Looks like some serious outgroup rooting issues (similar to that discussed in http:doi.org//10.1371/currents.outbreaks.84eefe5ce43ec9dc0bf0670f7b8b417d ). With a very divergent outgroup the position that falls in the ingroup is essentially arbitrary and the inferences are entirely dependent on it. On the other hand the sequence data from before the 90s are likely to be lab passaged strains, susceptible to contamination and lab adaptation mutations. I would also be very sceptical of the ‘recombination’ events as they are single viruses (i.e., no evidence the mosaic pattern was transmitted). Likely lab generated artifacts as usual.
Here is a project idea for a student - go through each of the Zika sequences so far and try to work out what problems they each have - recurrent NS mutations suggesting cell adaptation, mosaics on primer boundaries, likely contamination because two supposedly temporally or spatially separated sequences are identical and sequenced in the same lab, etc. Mike Worobey did something similar for supposedly old flu sequences a while back.

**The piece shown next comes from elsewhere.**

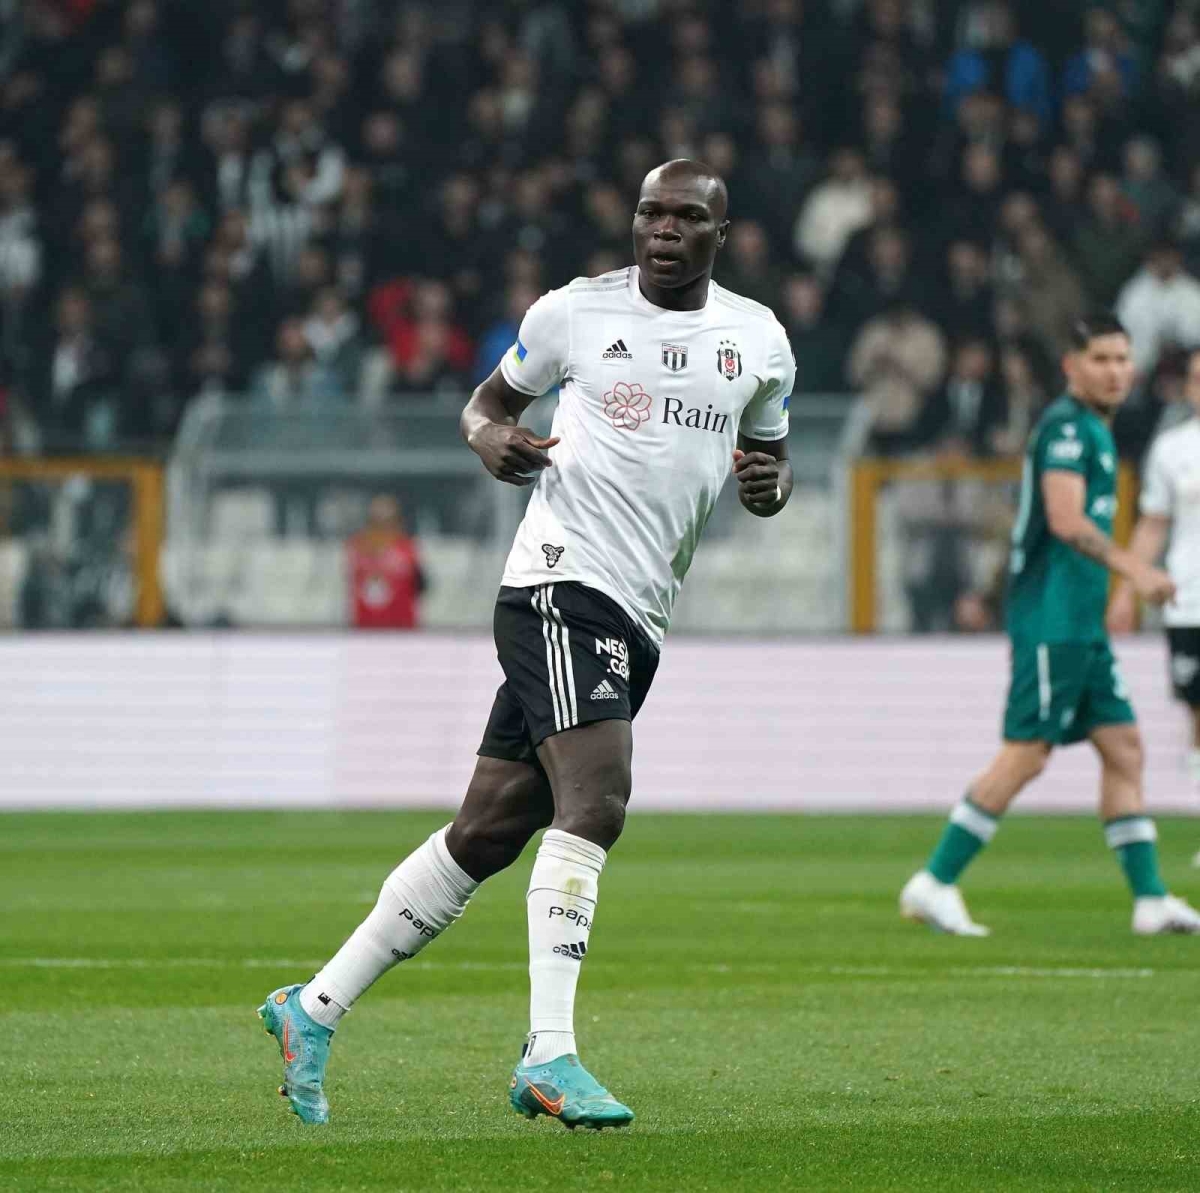 Spor Toto Süper Lig: Beşiktaş: 2 - Giresunspor: 1 (İlk yarı)

I would bet that Andrew’s idea that outgroup rooting is the problem, is the correct answer. I don’t think it is necessary to reproduce the results using MIGRAPHYLA, it would be good to reproduce the trees with and without Spondweni virus as the outgroup. The tree at the top of this thread, showing a pre-1900 common ancestor for the Asian/American and African lineages seems certain to be the correct topology given what is known about Zika in Asia in the WWII era. I built trees from complete genomes of Zika plus Spondweni and Dengue and other viruses and my trees also misrooted the Zika clades when those other viruses were in the alignment. I am not sure if it is a classic “long branches attract” problem, but it might be because there is more diversity in the African clades than within the Asia/Americas clade.